Рэмбо. Первая кровь - Моррелл Дэвид. Страница 22
Он чувствовал — начали действовать таблетки. Он не знал, что в них, но они несомненно действовали, ибо головокружение проходило. Хотя его не могло не беспокоить то, что периоды головокружения повторялись все чаще и продолжались все дольше. Что же до сердца, то оно успокаивалось, перебоев не было.
Он взялся за борт грузовика, чтобы влезть в кузов, но не хватило сил.
— Вот. Возьмите мою руку, — сказал радист.
С помощью радиста он залез в грузовик, но слишком быстро и чуть было не грохнулся от слабости. Траутмэн поднялся вслед за Тислом с естественной легкостью и остановился, наблюдая за ним. Что-то в недавних словах Траутмэна беспокоило Тисла, но он не мог сообразить что.
Наконец он вспомнил.
— Откуда вы знаете, что я был в Корее?
— Все очень просто. Перед тем как вылететь сюда, я позвонил в Вашингтон, и мне зачитали ваше досье.
Тислу это не понравилось. Совсем не понравилось.
— Я был вынужден это сделать, — продолжал Траутмэн. — И не воспринимайте это как вторжение в вашу личную жизнь. Мне было необходимо понять, что вы за человек — на тот случай, если вы сами виноваты в этой истории с Рэмбо, если сейчас это прежде всего месть с вашей стороны. Таким образом, я мог бы предвидеть осложнения, которые вы можете спровоцировать. Вы связались с Рэмбо, ничего о нем не зная, даже его имени, это была одна из ваших ошибок.

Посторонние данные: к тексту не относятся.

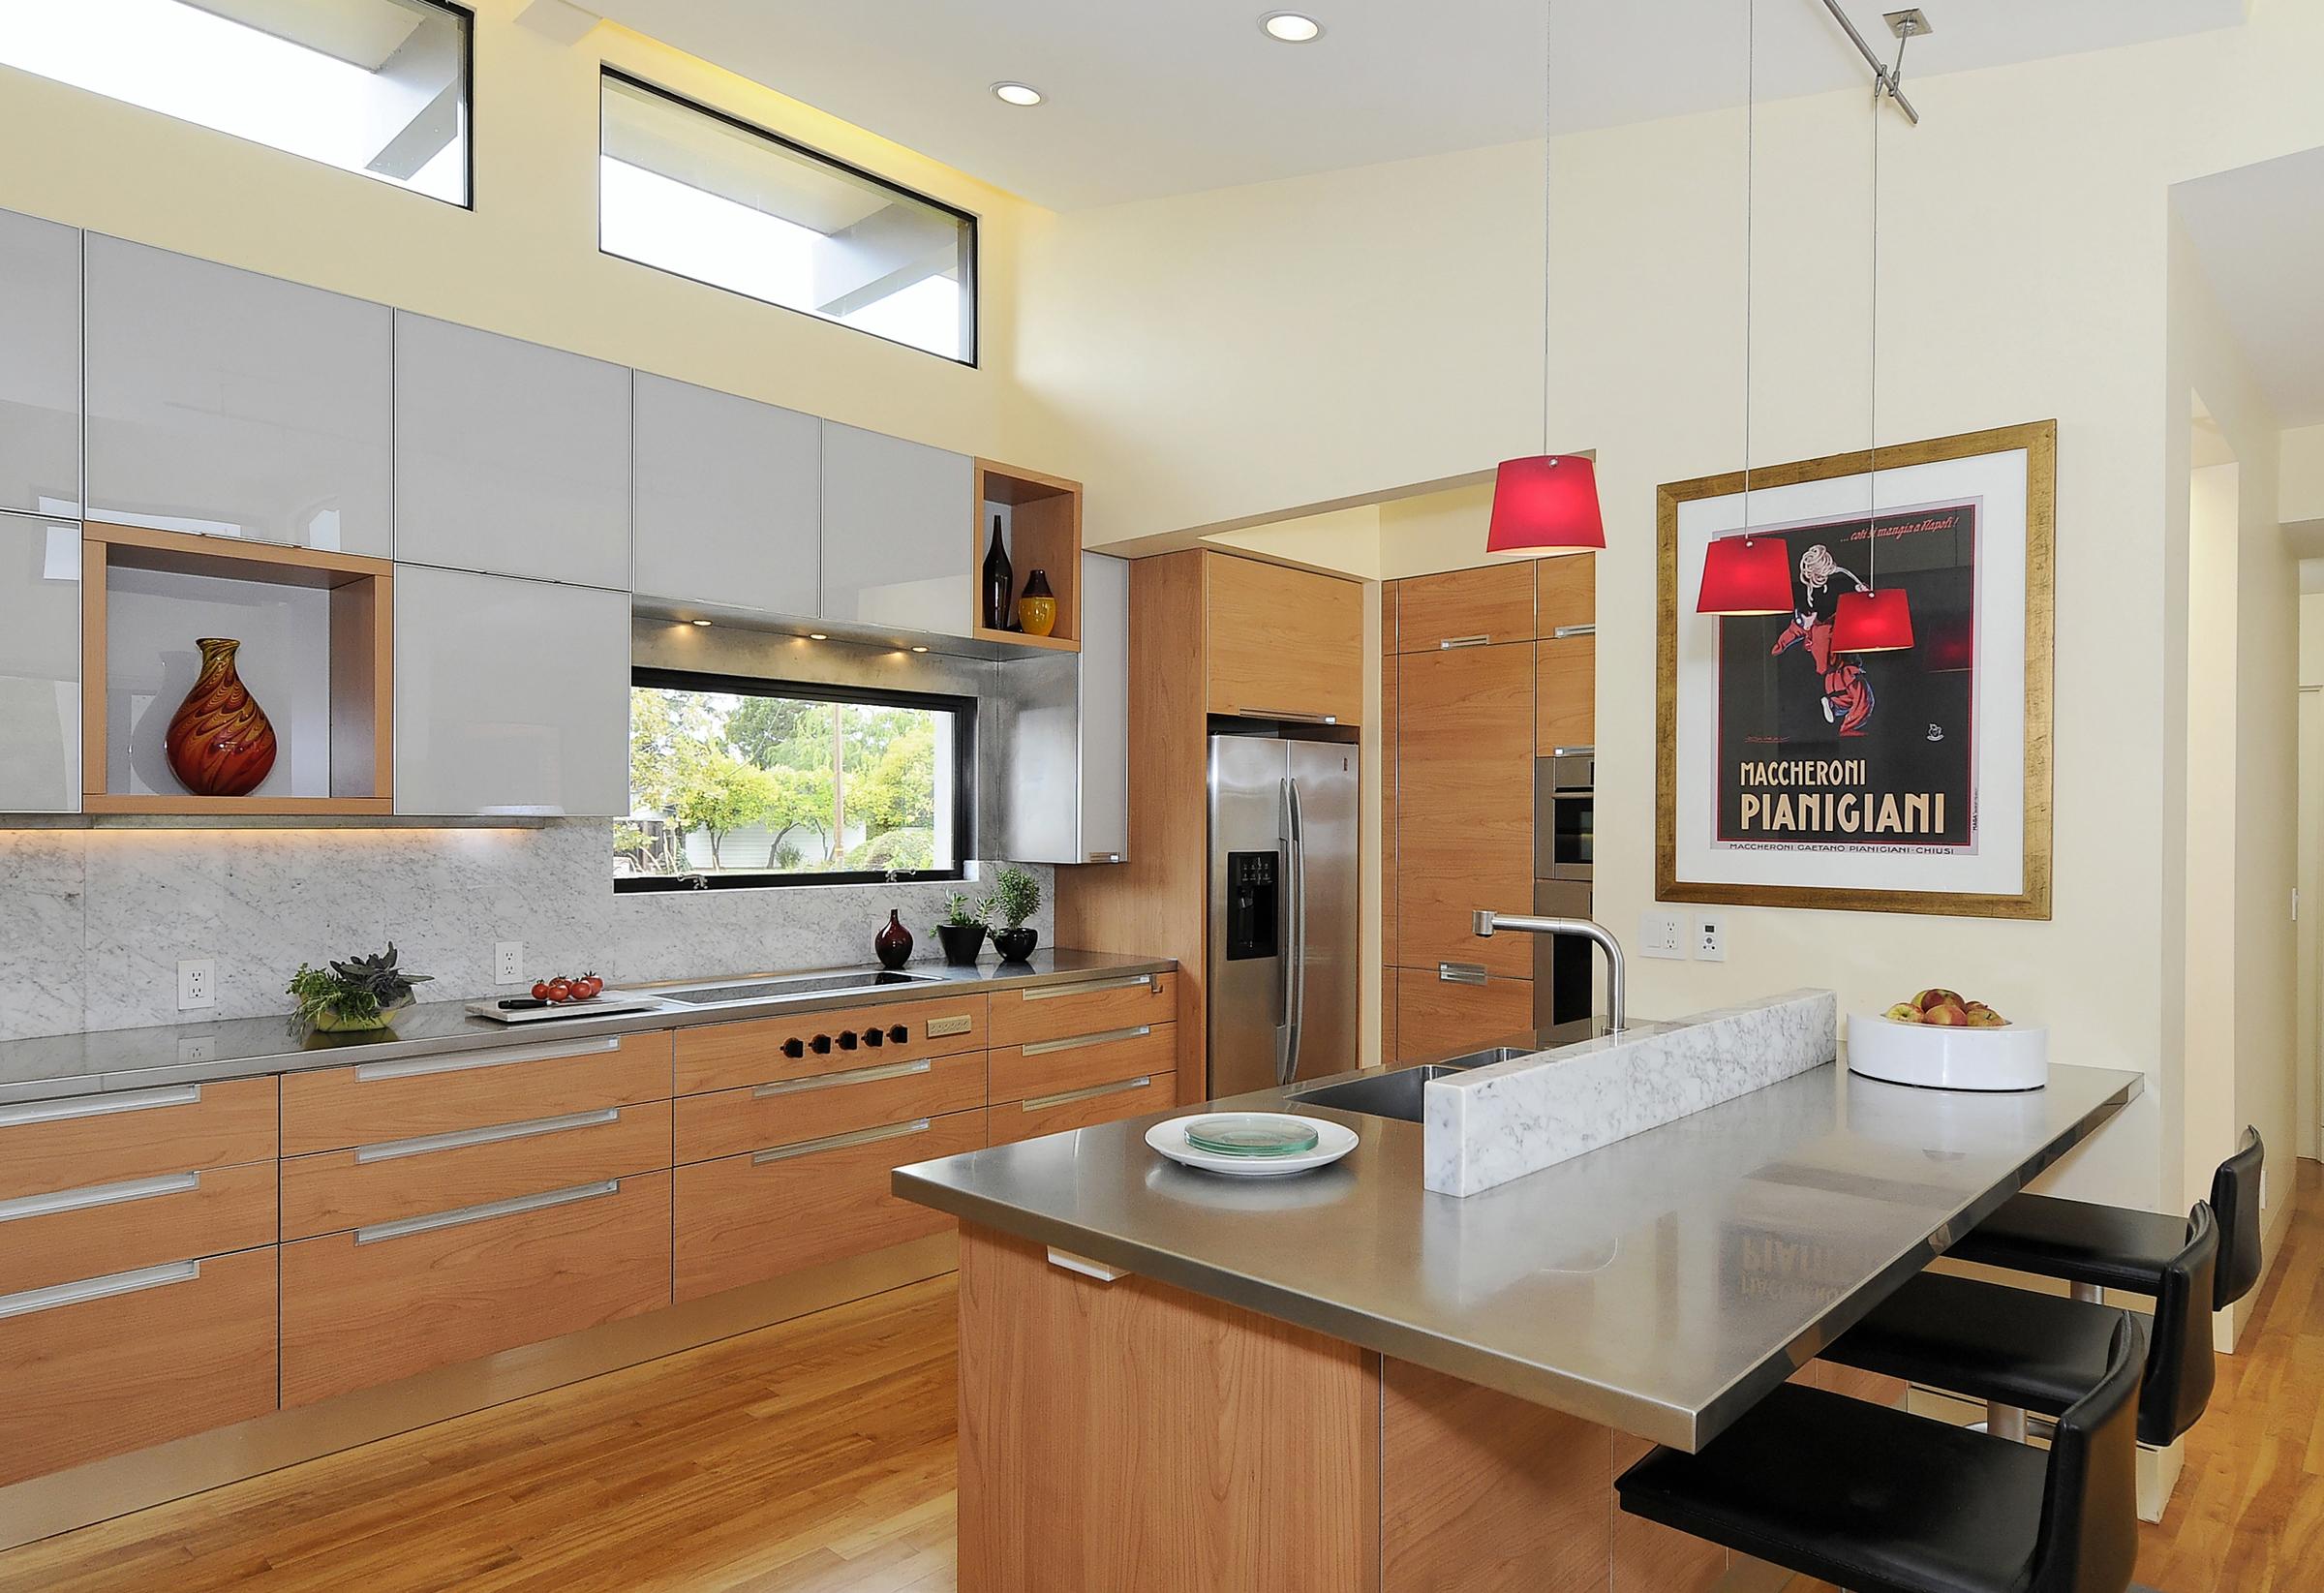 5 315 Alicia Kitchen.jpg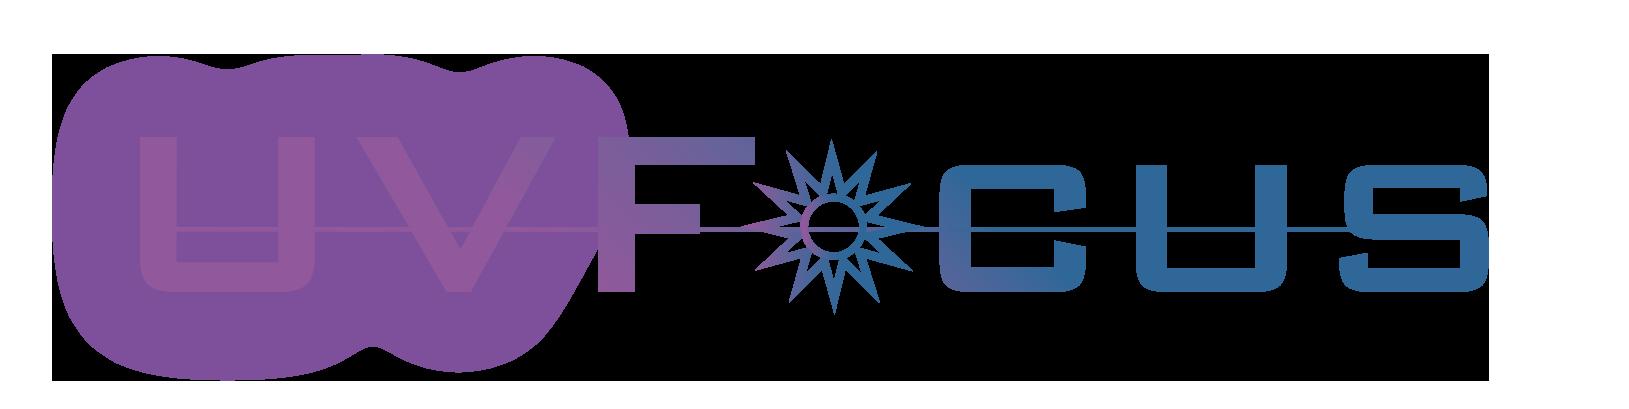 UVFocus_Logov2 Gradient with LF Blue

Есть правило, которое мы всегда повторяем — никогда не вступать в бой с врагом, если не знаешь его так же хорошо, как себя.
— Ладно. Вы знаете, что я был в Корее — ну и что дальше?
— Прежде всего, это частично объясняет то, что вам удалось от него скрыться.
— Но тут и так все ясно. Я же рассказывал вам, как все было. Я бежал быстрее него, вот и все.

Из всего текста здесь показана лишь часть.